Which system, agent or workflow accessed it?
Was the data displayed, processed, stored or redistributed?
Was derived data created?
Was the output reused by another system?
Was the use permitted under the relevant license?
Can the firm prove that usage after the fact?
CME Group’s non display licensing FAQ is useful here because it frames machine, system, process and calculation-based usage as a licensing category that must be understood and classified. (cmegroup.com)
NYSE’s Non-Display Use Policy similarly treats non display access, processing and consumption as a distinct policy and fee category. (nyse.com)
Research on MCP production deployment also notes that production environments require infrastructure level mechanisms such as identity propagation, observability and structured error handling. (arxiv.org)
The implication is clear: auditability cannot be treated as an afterthought.
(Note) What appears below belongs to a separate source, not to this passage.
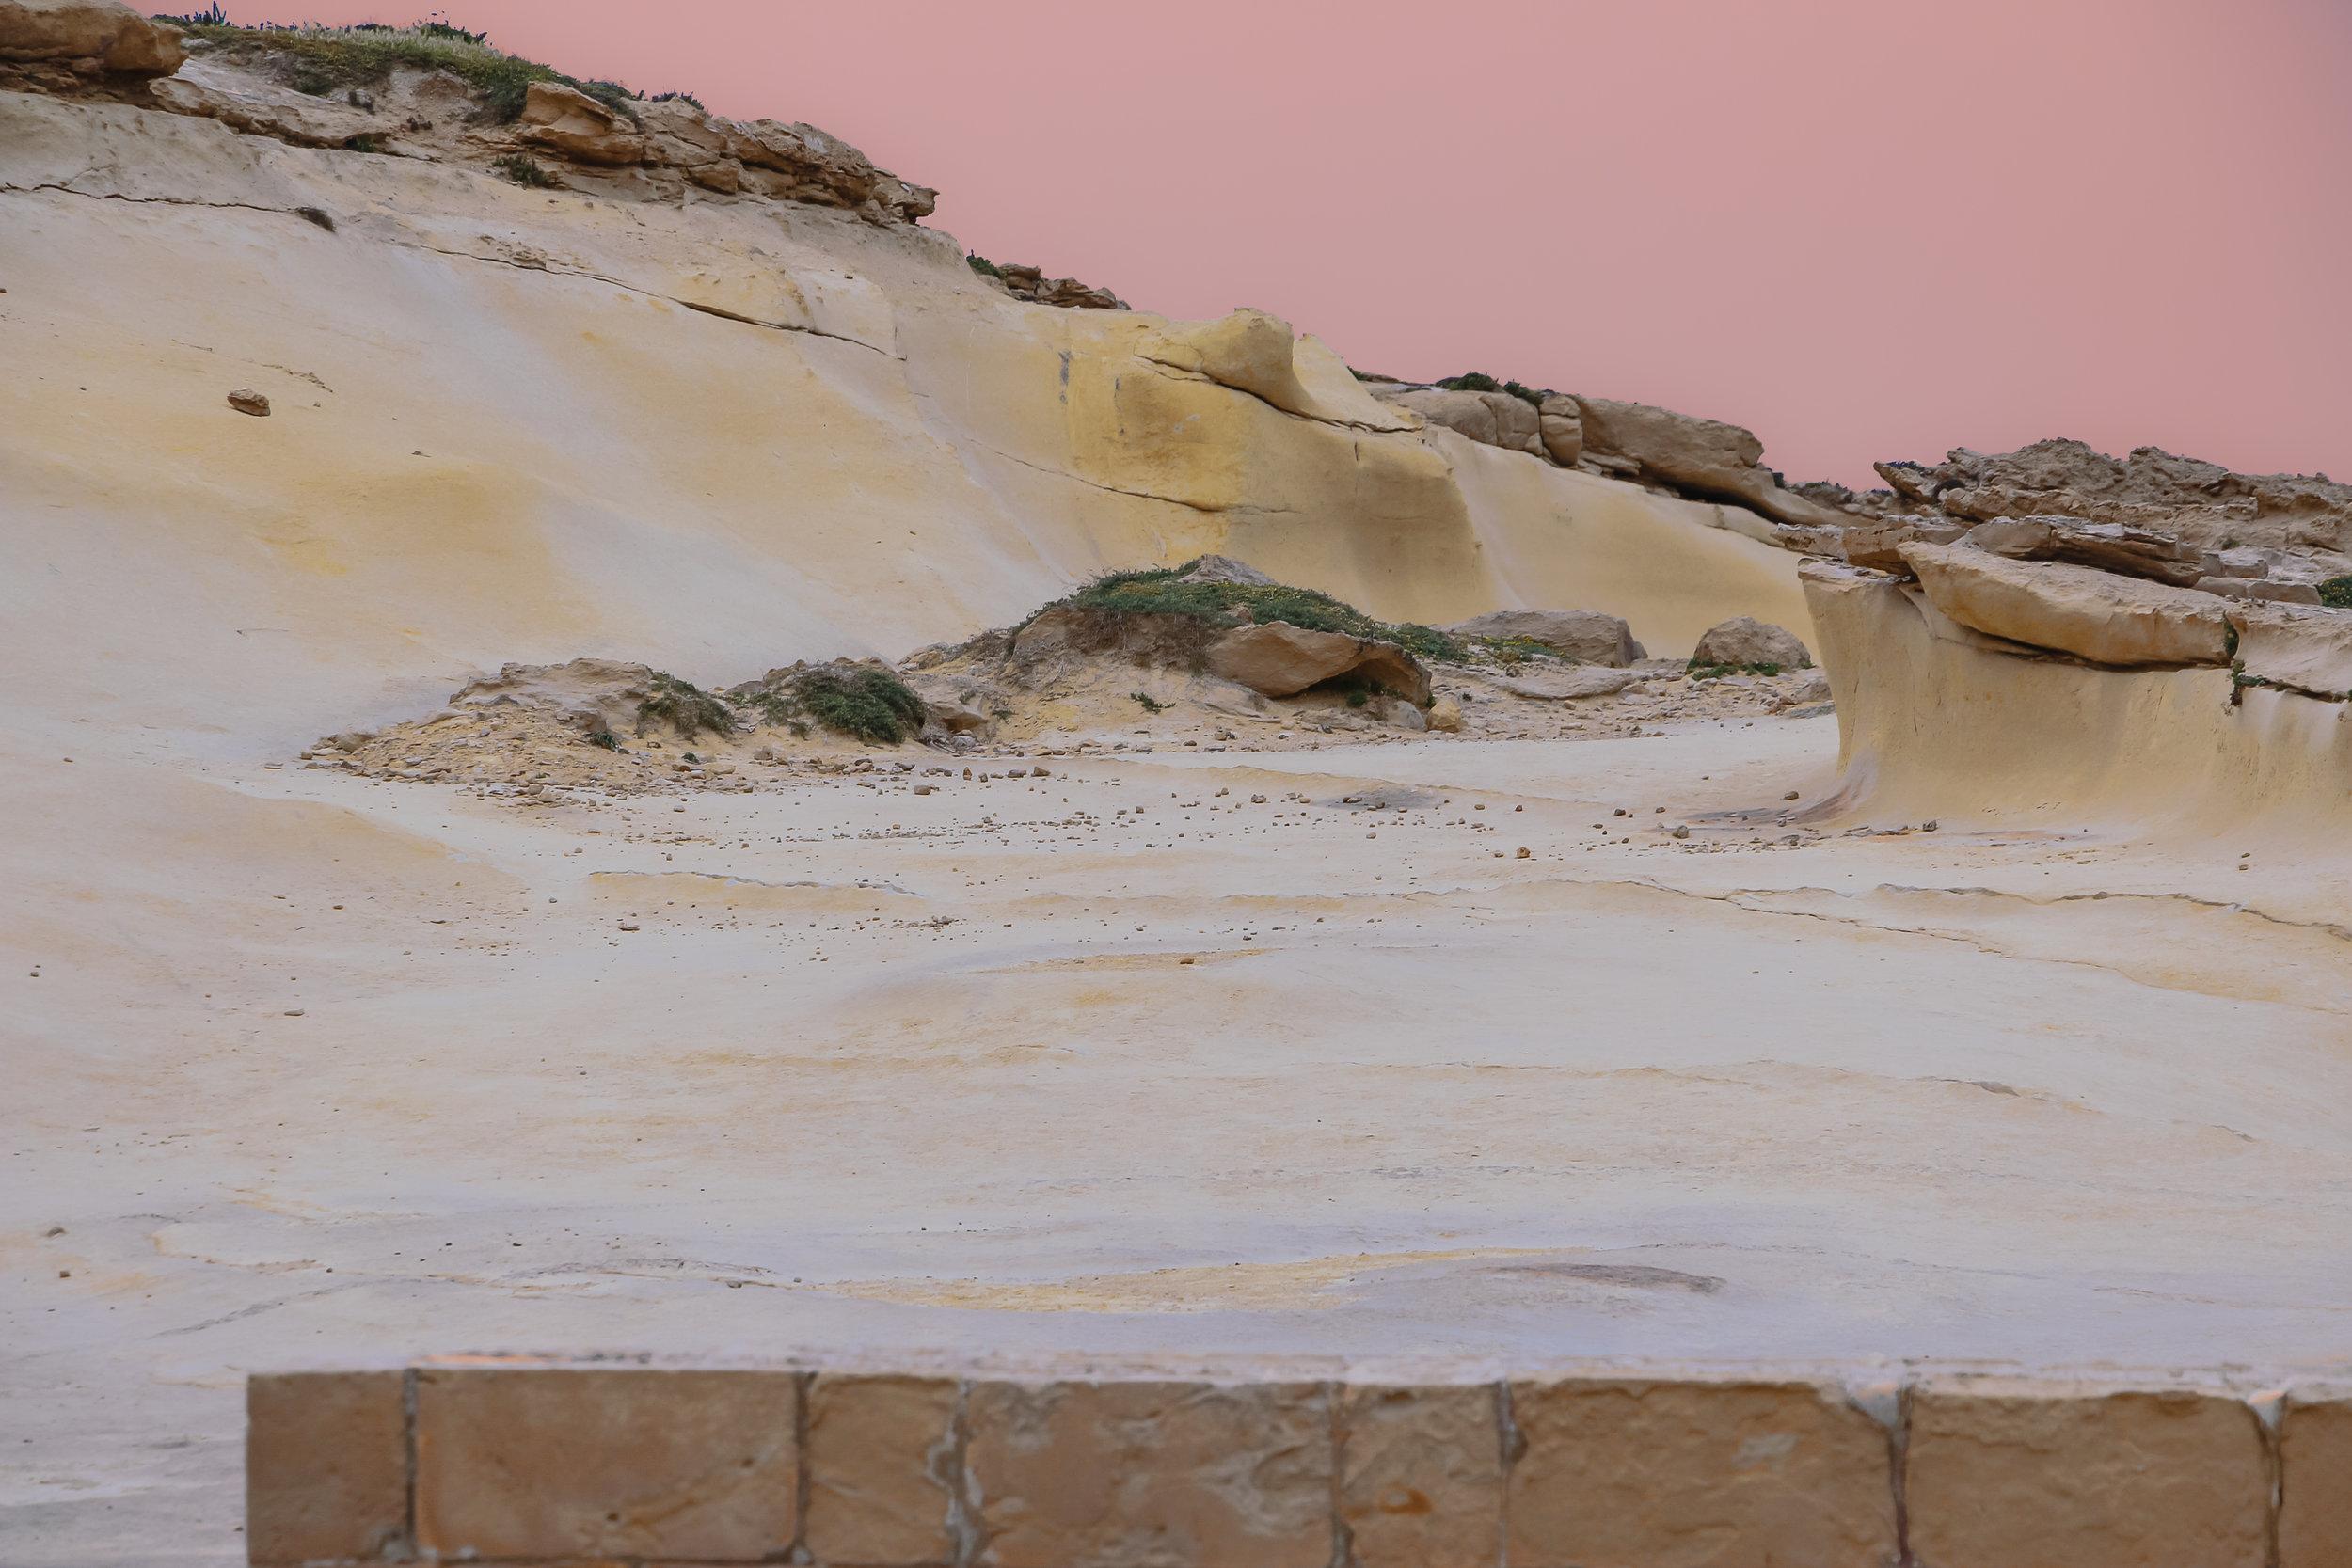 Mediterranean Coast | MAltese Islands Nature | LAndscape - Thinking About Appreciation For Quality In Malta | Gozo, Malta, Europe | DoLessGetMoreDone.com | - Canon Minimal Fine Art Travel Documentary Photography - search for Liveability | Sustainability

In a machine use environment, auditability becomes an infrastructure requirement.
6. Market data licensing is becoming an infrastructure function
Machine consumption changes the role of licensing.
It is no longer only a legal, procurement or vendor management issue. It is becoming an infrastructure function that sits across data architecture, entitlement, observability, metadata, usage controls, audit logging and governance.
In the next phase of market data management, firms will need to do more than review contracts. They will need to operationalize licensing rules inside their systems.
That means building the ability to:
Classify machine use and non-display use clearly.
Manage entitlement not only for people, but also for agents, applications and workflows.
Track how data moves across systems and where derived outputs are created.
Connect usage rights with technical controls.
Treat audit readiness as part of everyday governance rather than as a periodic remediation exercise.
This is the deeper shift behind machine consumption. The industry is not simply moving from human users to automated users. It is moving from licensing as a commercial agreement to licensing as a control layer.
In the era of AI, the future of market data licensing will not be defined only by who can see the data. It will be defined by which machines can use it, for what purpose, under which controls and with what proof.